Genetics, personal habits, even a neighborhood can all affect a person’s health. A new research center created by Emory University and Morehouse School of Medicine is looking at health disparities, especially in the African-American community. But instead of focusing exclusively on what makes people sick, researchers will explore what’s different about the healthiest people.
“For a long time, the tradition has been to focus on negative indicators of risk,” said Dr. Herman Taylor, a cardiologist at Morehouse School of Medicine. “What we want to do is focus on those things that promote health.”
Many factors contribute to health disparities between communities and ethnic groups, Taylor said: Socioeconomic status, exercise habits, access to healthy food, access to health care and quality of that care. Taylor wants to take a solutions-oriented approach and find out why some people are more resilient, despite having generally worse access.
“There are many people who are living out healthy lives within the black community,” Taylor said. “Whatever their habits, their diets, their social and spiritual support, or whether it’s in their DNA, we want to know more about why such individuals have such healthy life courses and want to spread that around.”
The MSM/Emory Cardiovascular Center for Health Equity will include researchers from a range of fields, looking at factors from the city to the cellular level. Taylor said Atlanta is an ideal place to do this work since it has such a large and diverse African-American population.

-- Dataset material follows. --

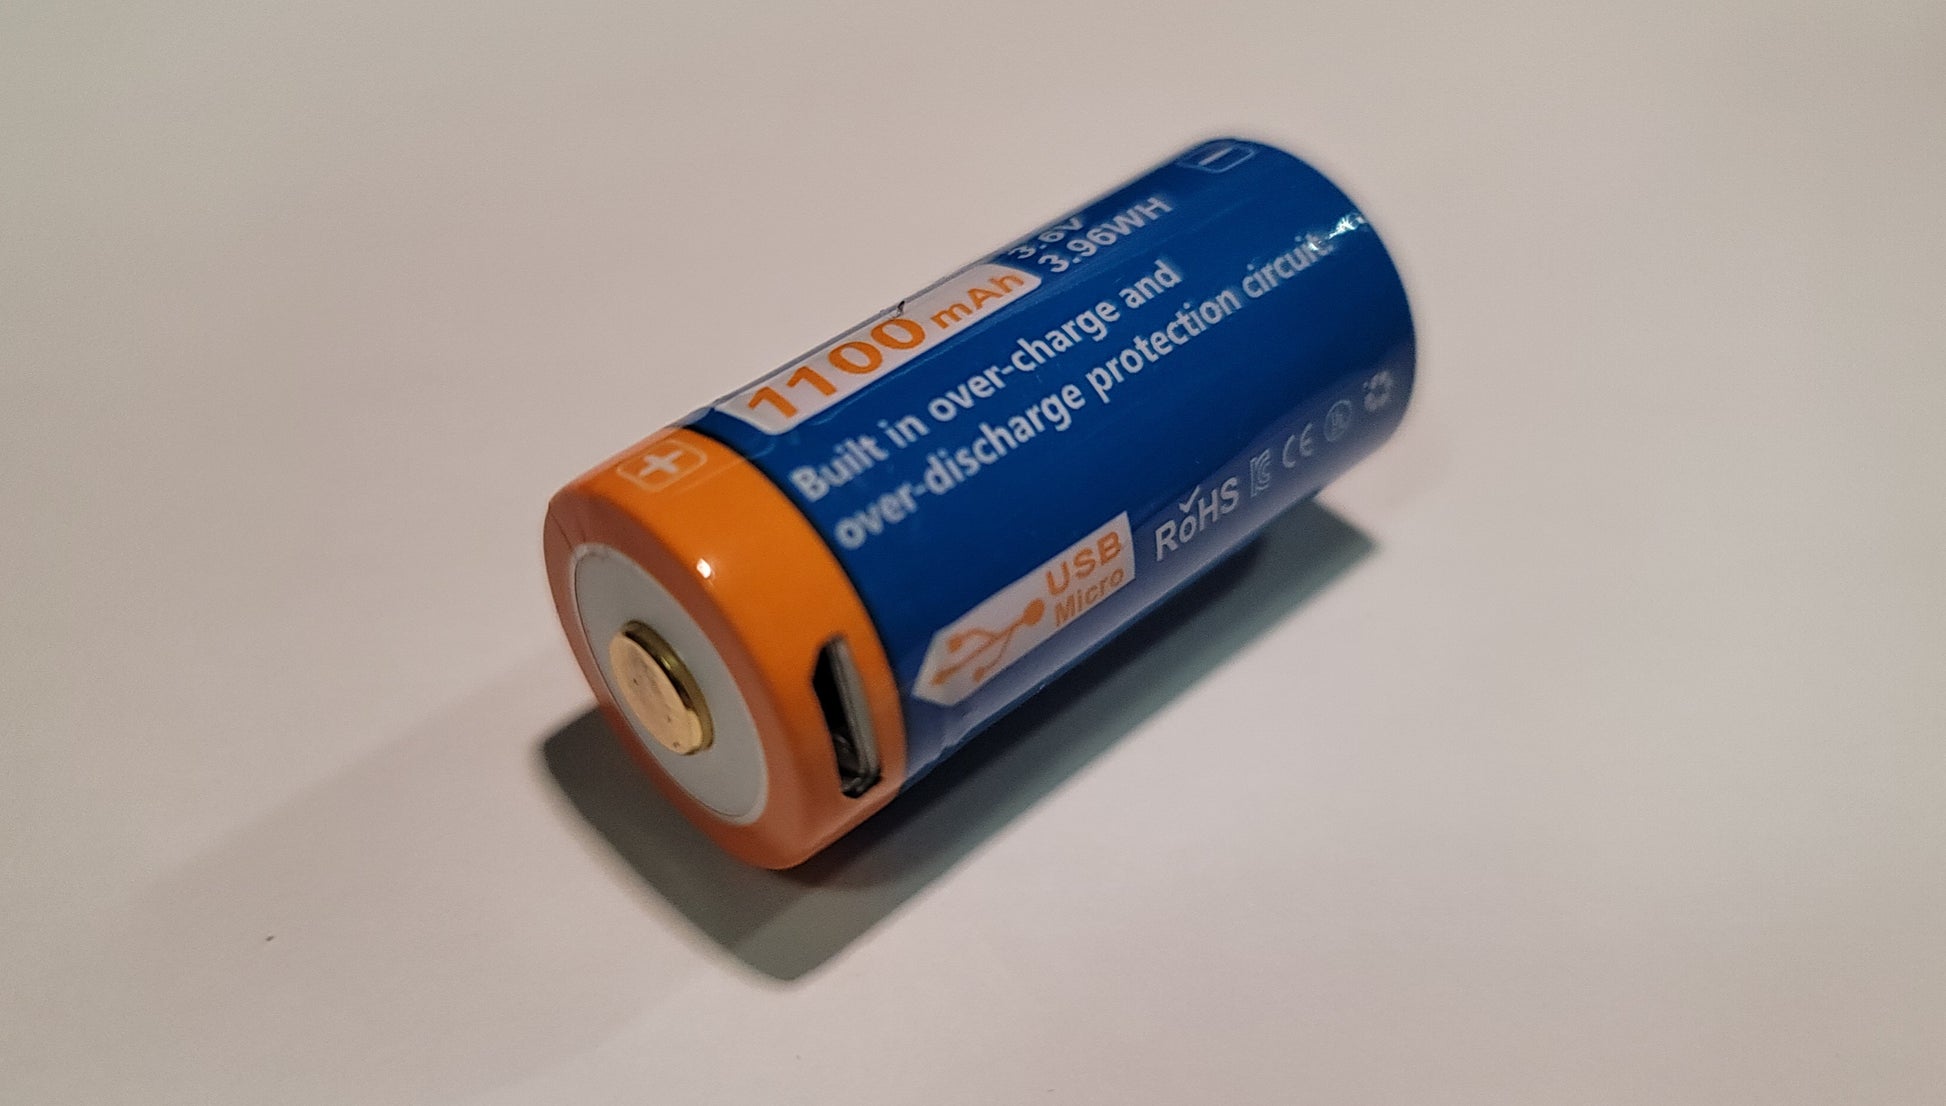 Jetbeam 18350 JR11 1100mAh Lithium-ion Rechargeable Battery

“Too much research tends to view African-Americans monolithically,” he said. “In fact, African-Americans are a highly diverse population. Atlanta may be the best place on the planet to explore that diversity and show how resilience protects the health of a lot of African-Americans despite what traditionally is viewed as adverse circumstances.”
The new center, funded by the American Heart Association, starts with a $3.9 million budget over the next four years.